What bothers me is that too few of us will have the opportunity of enjoying the world's most popular cuisine the way it is meant to be. Chinese food started out in this country the way it was meant to, in the early decades of the 20th century. That was when Chinese families, mainly from the province of Canton, as it was then known, migrated to Kolkata and, thence, to the rest of the country. |
Every last Chinese restaurant in the era before 1970 was run by a Chinese family, just as most people took it for granted that custom-made shoes would be made by the Chinese community and good hair-dressers were from China.
The next wave of immigration that took place in the Chinese community took them out of India. That was when Chinese restaurants started becoming anything but Chinese. Between Nepalese cooks and Indian owners, the subtle flavours of Jade Chicken Soup and Shrimp Fu-yong lost out to curries that were red, redder or reddest.

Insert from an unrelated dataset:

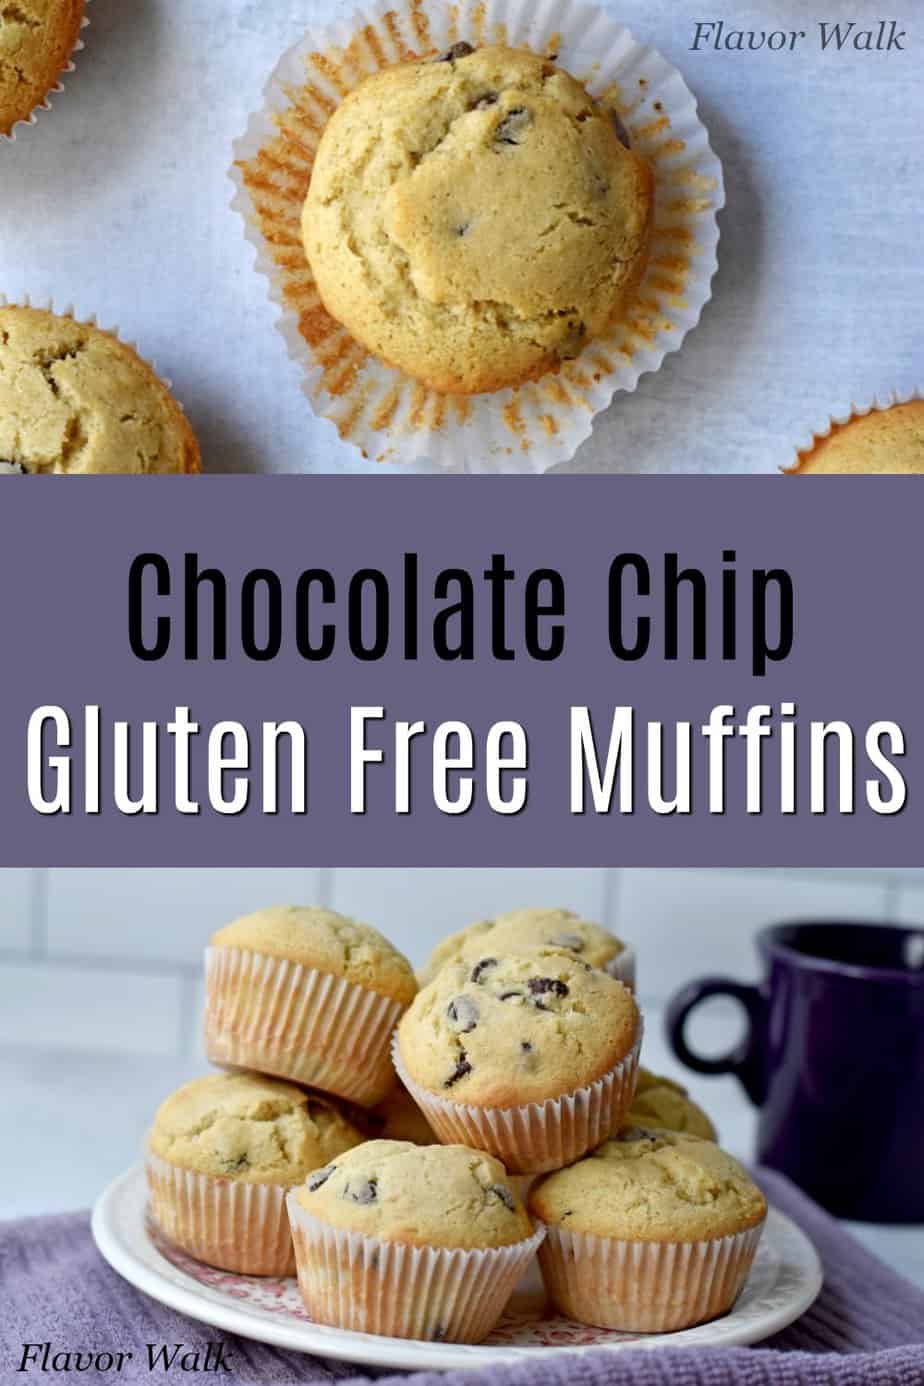 Top image overhead view of one gluten free chocolate chip muffins, middle image purple text box with black and white text, bottom image stack of muffins on round plate with coffee cup in the background.

Close on 10 years ago, deluxe hotels started hiring chefs from China. What was a trickle then has become a flood. Most executive chefs and general managers boast to me that their Chinese chefs understand so little English that attempts to get them to Indianise the food is met with incomprehension. I wish I could believe it. But, in fact, what happens is that all expatriate chefs, Chinese or otherwise, are taken on an induction around the city.
Chinese chefs talk to their counterparts in other hotels and restaurants and figure out soon enough that cold starters in India are a non-starter. What sells, instead, are crisply fried bits of spinach leaves and spring rolls. Plus, any ingredient soused in lashings of hot garlic sauce.
Change takes time and so the upgradation of menus in Chinese restaurants is happening. The most successful, high-profile restaurants in the country today like China House in Mumbai's Grand Hyatt, China Kitchen at Hyatt Regency Delhi, Hao Shi Nian Nian in Gurgaon and others, have not merely stopped at hiring a chef or six.
Chinese design elements, wood-work from China, spices from that country, even ovens for Peking duck made by experts from Beijing make up the Hyatt group's winning formula. It is almost as if the Chinese surroundings have made our palates adventurous.
The management of Hao Shi Nian Nian has settled on their own winning formula: a book about the chef, the cuisine of his province (Sichuan) and the whys and wherefores of the dishes that the restaurant showcases.
All this requires a certain amount of time and effort. The most attractive proposition would have been tens of thousands of us staying in China for the duration of the Olympics, and coming back aficionados of the cuisine.